### [What this task involves]
Your answer should reproduce every line of the material in which the word "wrench" occurs.

※ ※ ※

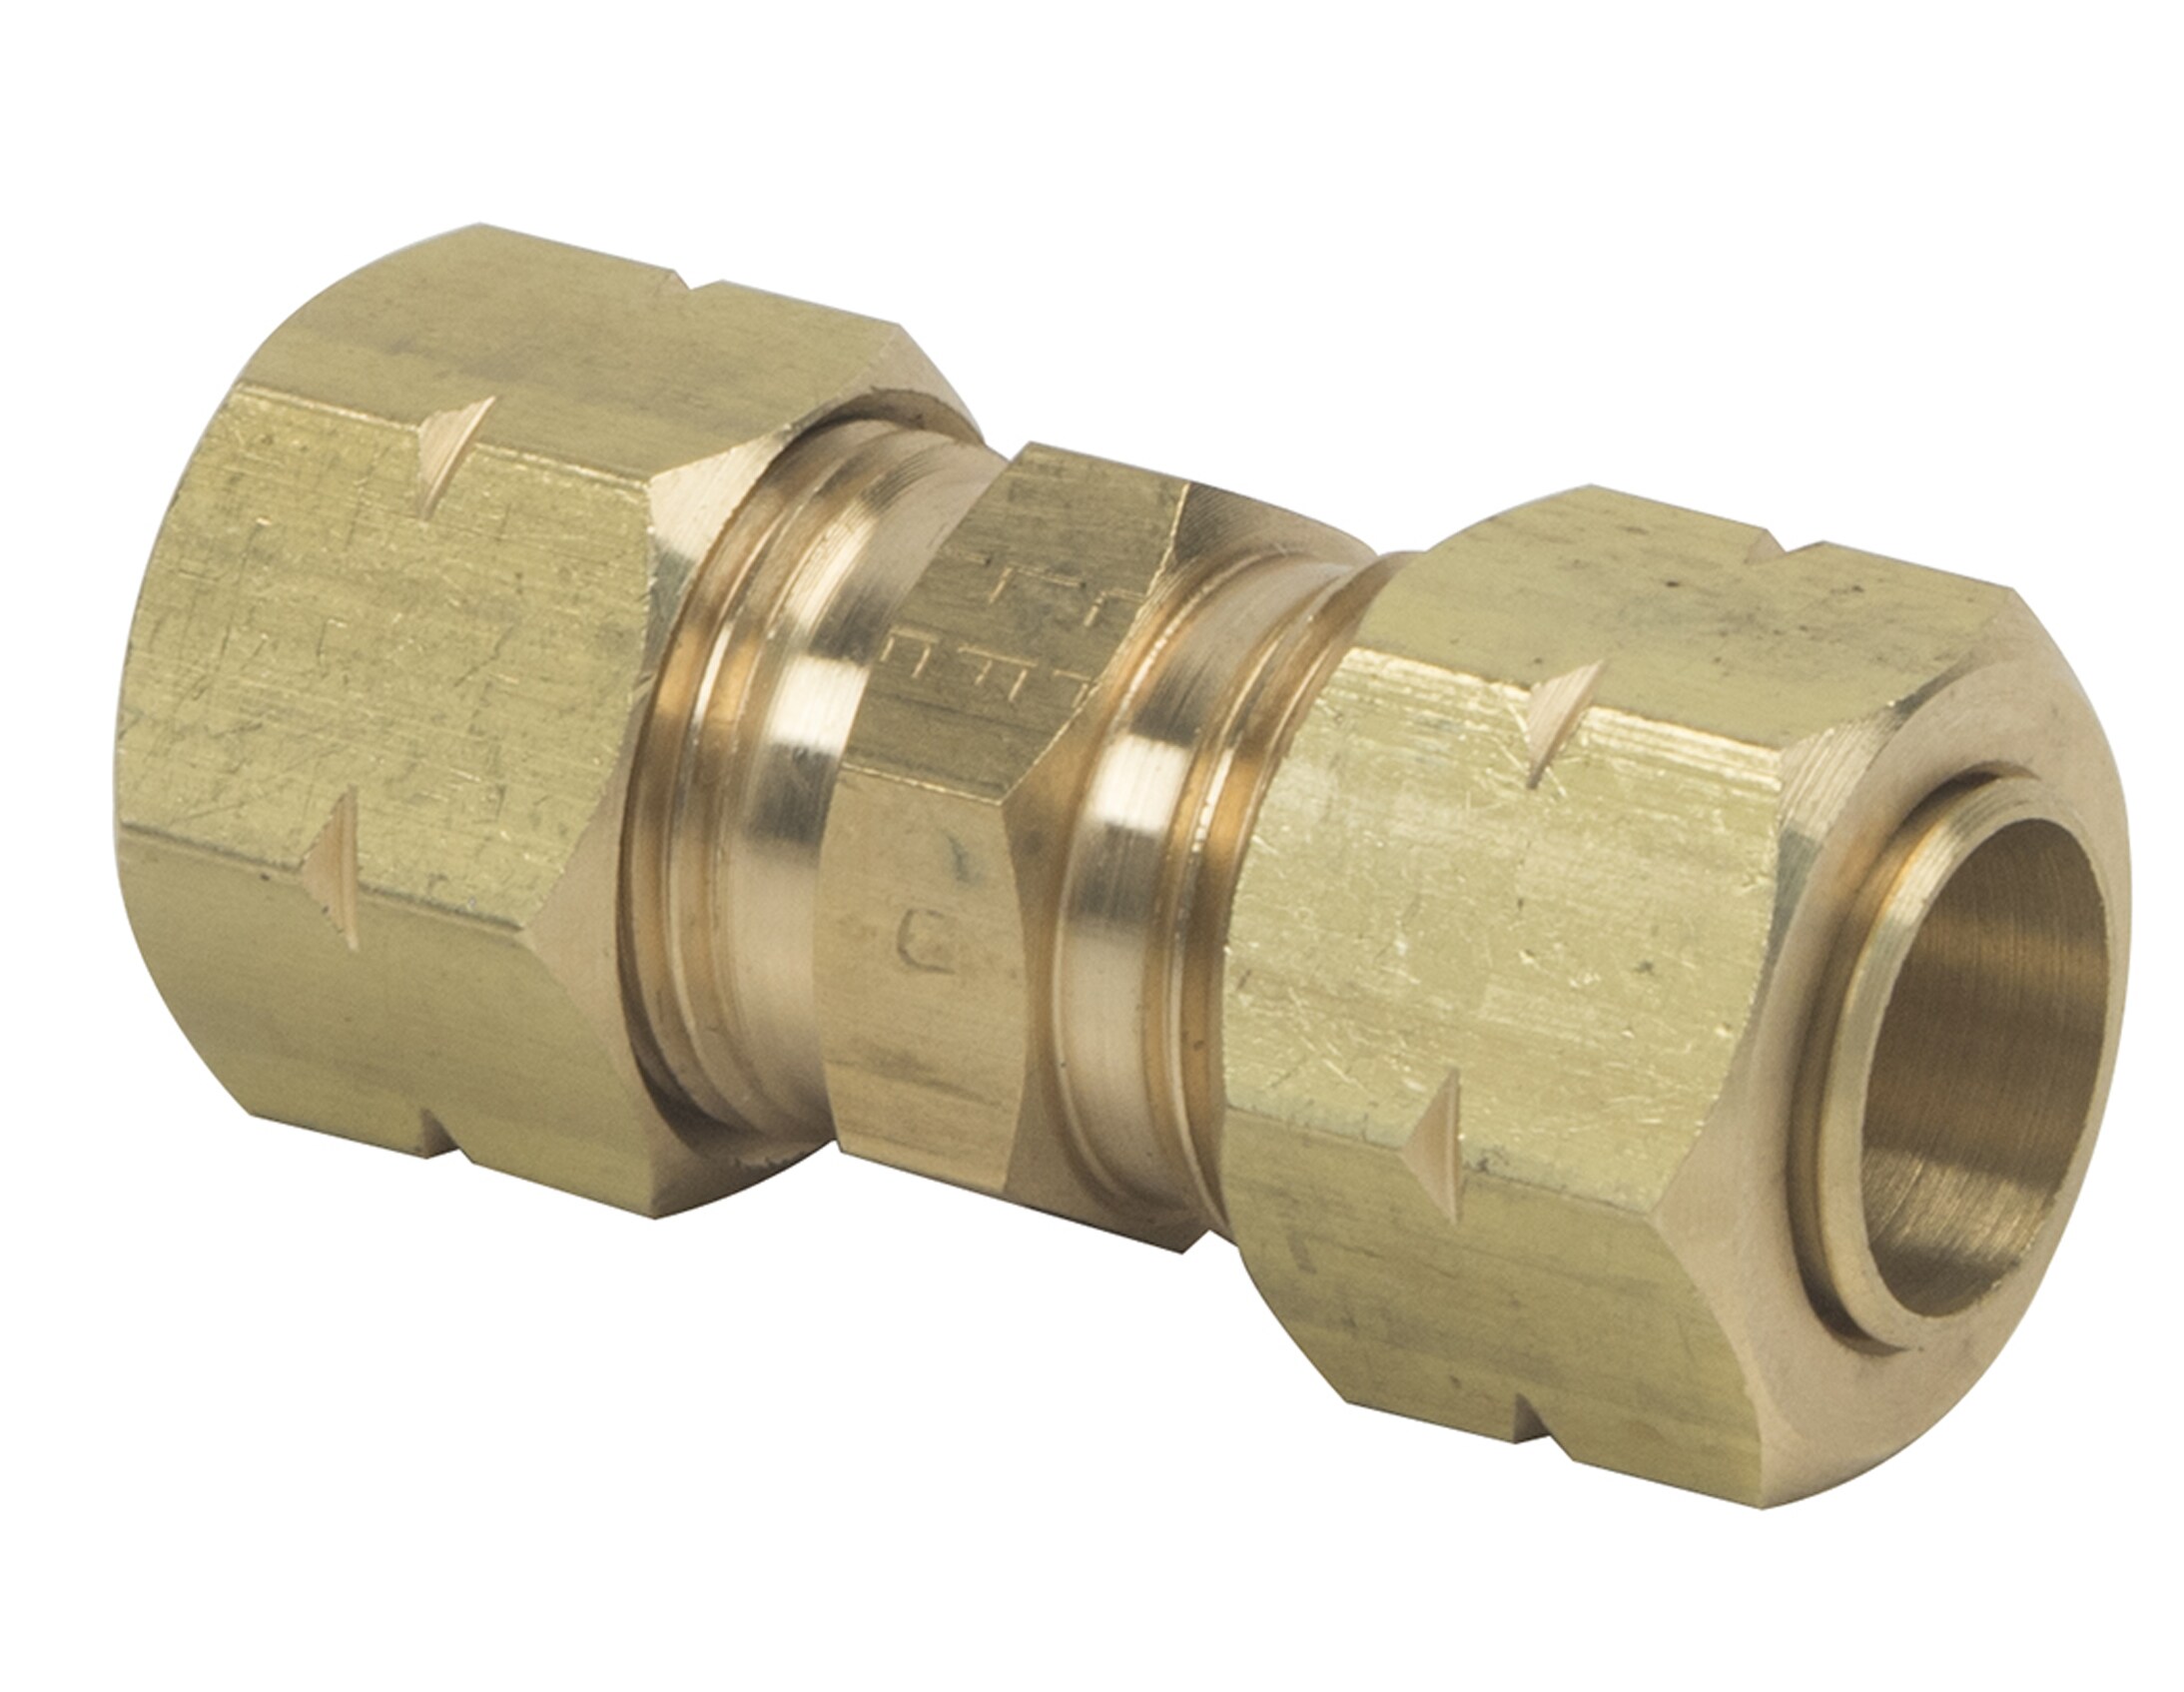 Lead Free Brass Union Coupling 3/8 COMP x 3/8 COMP Leak Proof Easy  Connect Union (5 Pack) 
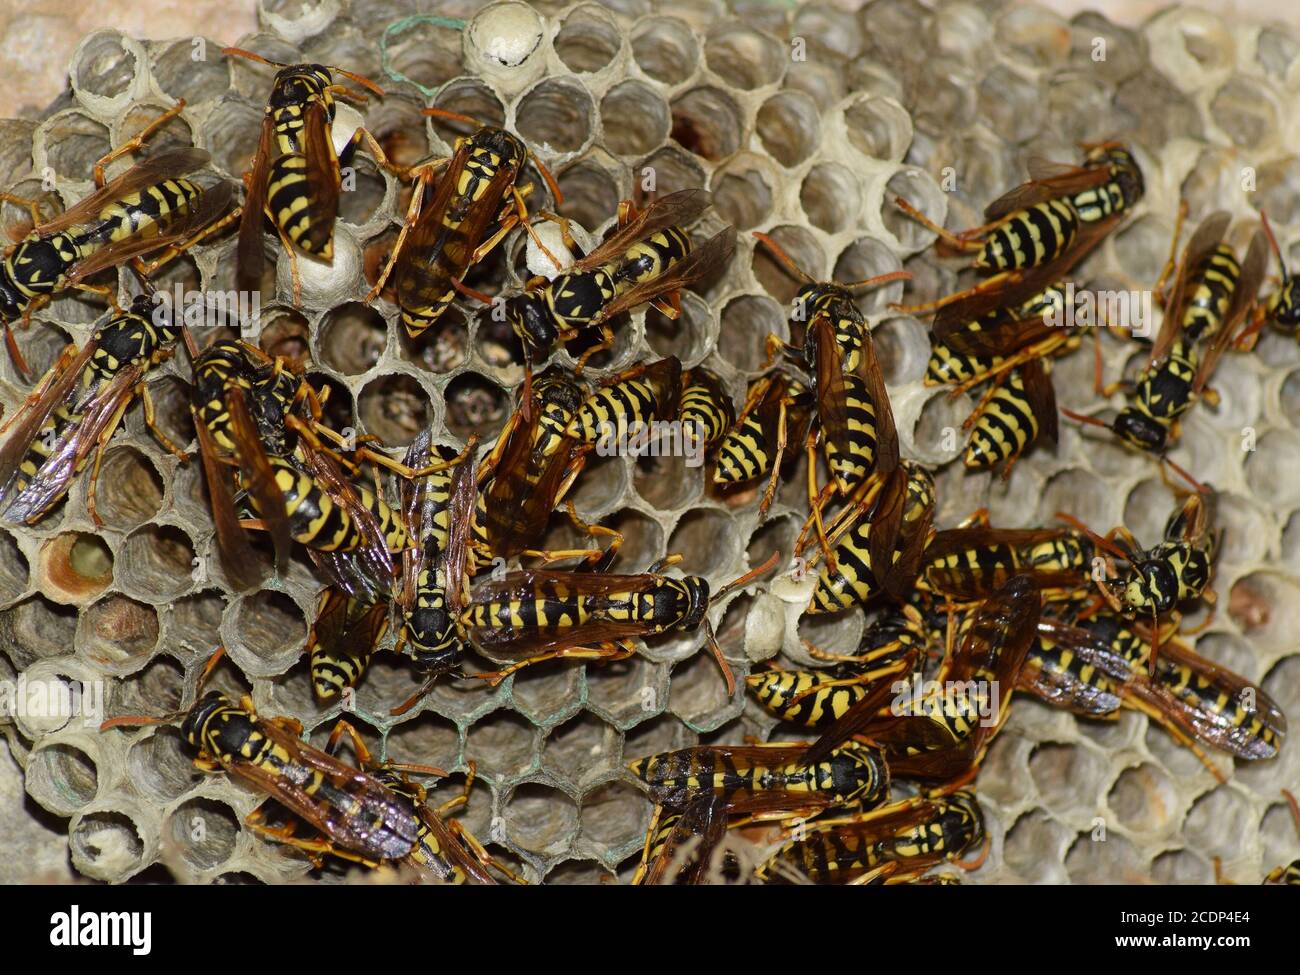 Wasp nest with wasps sitting on it. Stock Photo
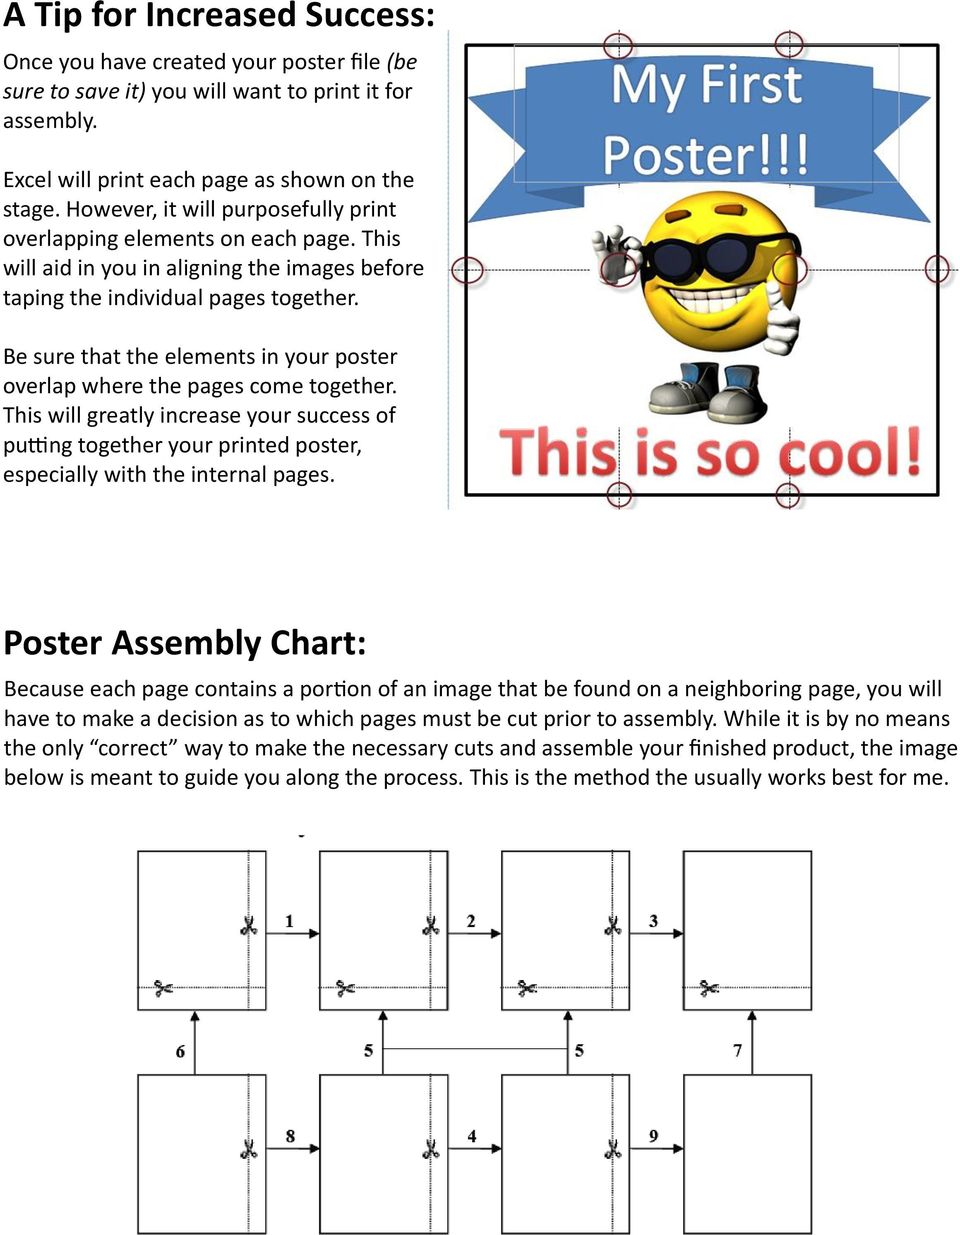 Be sure that the elements in your poster overlap where the pages come together. This will greatly increase your success of putting together your printed poster, especially with the internal pages.
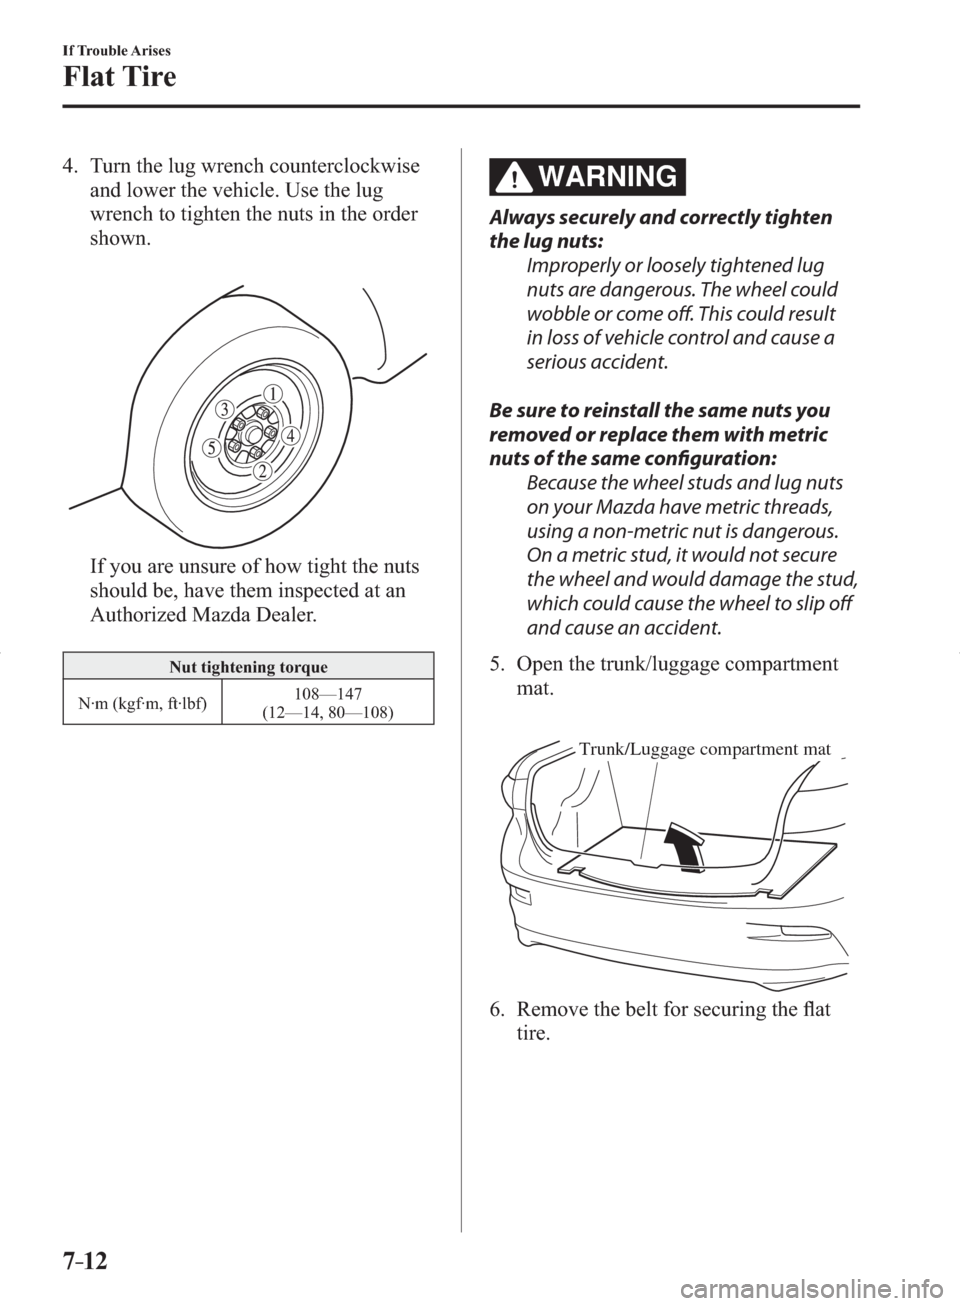 MAZDA MODEL 3 HATCHBACK 2014  Owners Manual (in English) 7–12
If Trouble Arises
Flat Tire
   4.   Turn  the  lug  wrench  counterclockwise 
and lower the vehicle. Use the lug 
wrench to tighten the nuts in the order 
shown.
    If you are unsure of how ti

※ ※ ※

### [Answer]
   4.   Turn  the  lug  wrench  counterclockwise 
wrench to tighten the nuts in the order 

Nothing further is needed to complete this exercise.